In the next steps of the investigation, analytic epidemiologic studies were conducted to test the hypotheses generated by case finding. These studies compare the frequency with which ill persons report exposure to a particular food item to the frequency with which healthy persons (or controls) report that exposure.  If the ill group is more likely than the well group to report exposure to a particular food, a statistical test can show how likely this finding would have occurred by chance alone. Additional information about the likelihood of that particular food actually being contaminated, the biological plausibility of it causing the illnesses, the fit of the cases with the distribution of the food, and other factors may enter into the professional judgment of whether the food with a statistically significant association with cases is likely to explain the outbreak. Preliminary findings from these types of studies guided subsequent next steps of the investigation while additional statistical analyses are being conducted on the data gathered.  It is important to keep in mind at this stage of investigation, as analyses are conducted and interpreted, that initial findings and hypotheses may change.  As is common in outbreak investigations but especially true for foodborne outbreaks, the process of case finding, hypothesis generating, and hypothesis testing is an iterative process; each step informs subsequent steps and often leads to new investigative avenues.

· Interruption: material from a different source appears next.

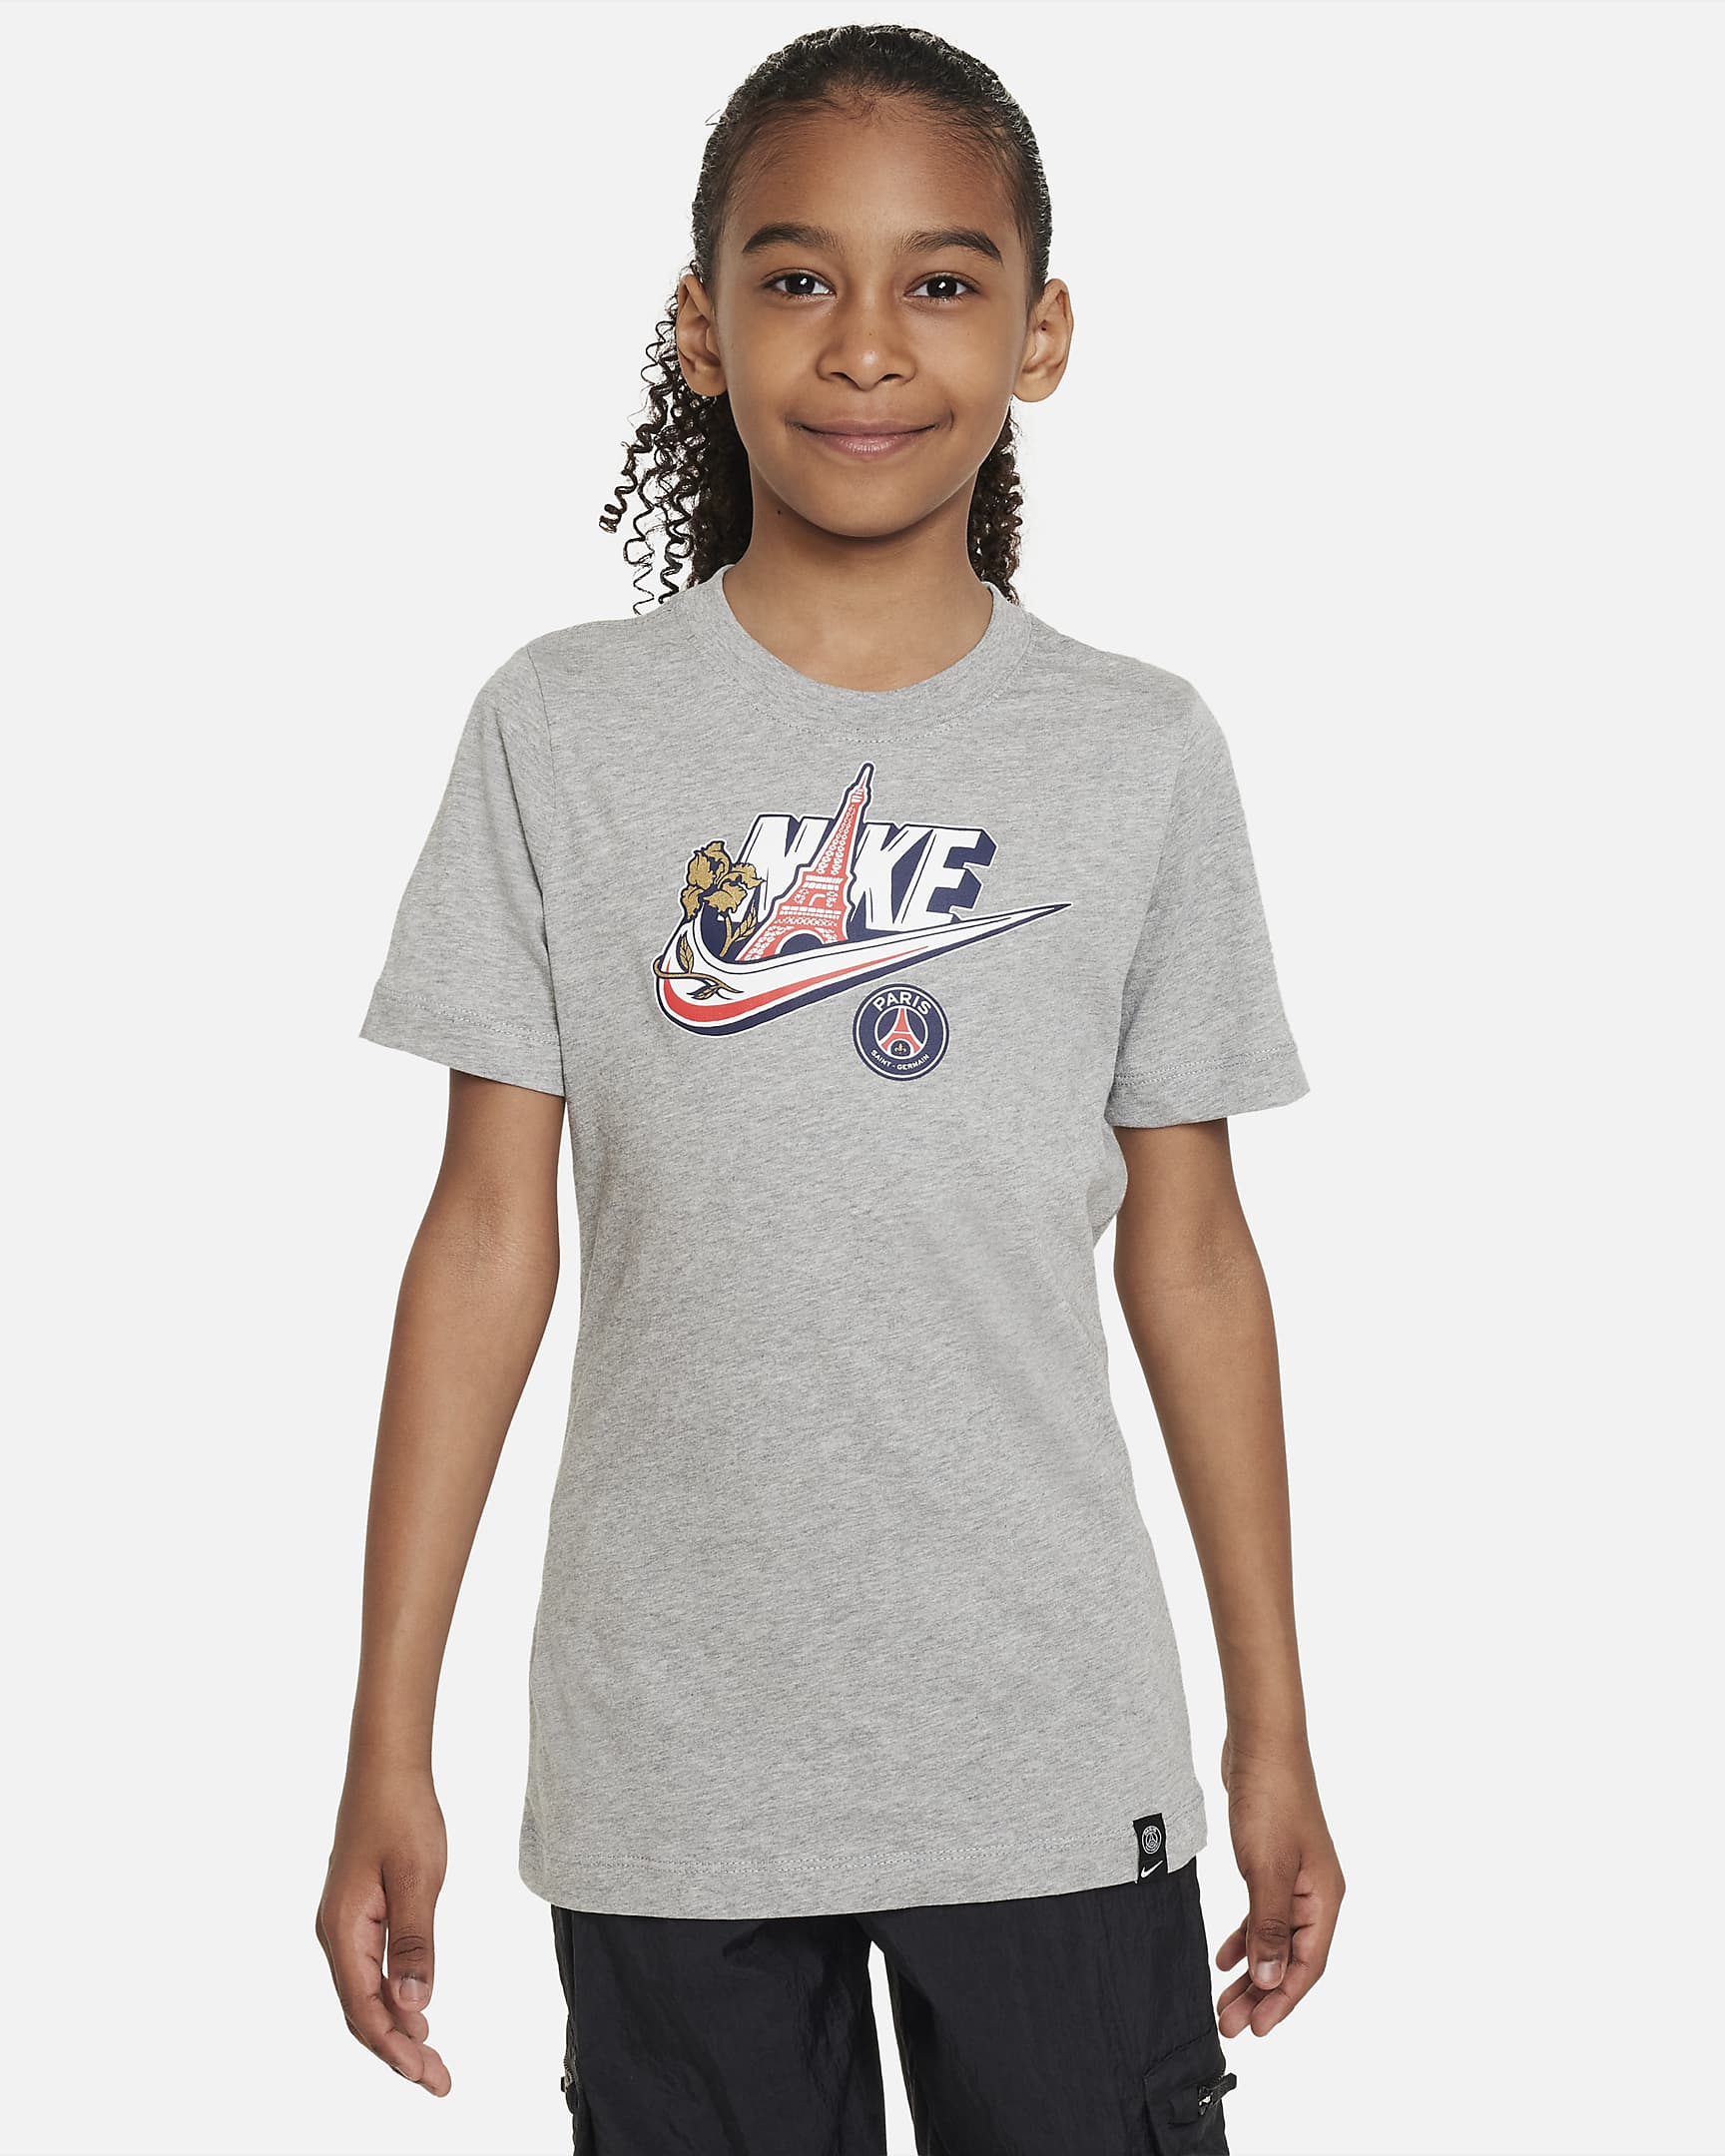 Paris Saint-Germain Big Kids' Nike T-Shirt. Nike.com

In the next phase of the investigation, in late May, the New Mexico Department of Health, the Texas Department of State Health Services, and the Indian Health Service, in consultation with CDC, conducted a multi-state case-control study.  The data from the earlier 19 hypothesis generating interviews were used to identify which foods were most frequently consumed by the ill people.  The questionnaire used in this case-control study included the 14 foods¹ reported by half or more of the ill people in the hypothesis-generating interviews.  These questionnaires were administered to approximately 150 people. By May 31, preliminary results of the case-control study demonstrated that illness was significantly associated with consumption of raw tomatoes (88% of cases consumed raw tomatoes compared with 64% of the controls, a very strong statistical difference).  FDA was formally notified of this significant association between tomatoes and infection. Statistical analysis of these data showed that illness was associated with consumption of raw tomatoes independent of consumption of tomatoes in salsa, guacamole, or pico de gallo. 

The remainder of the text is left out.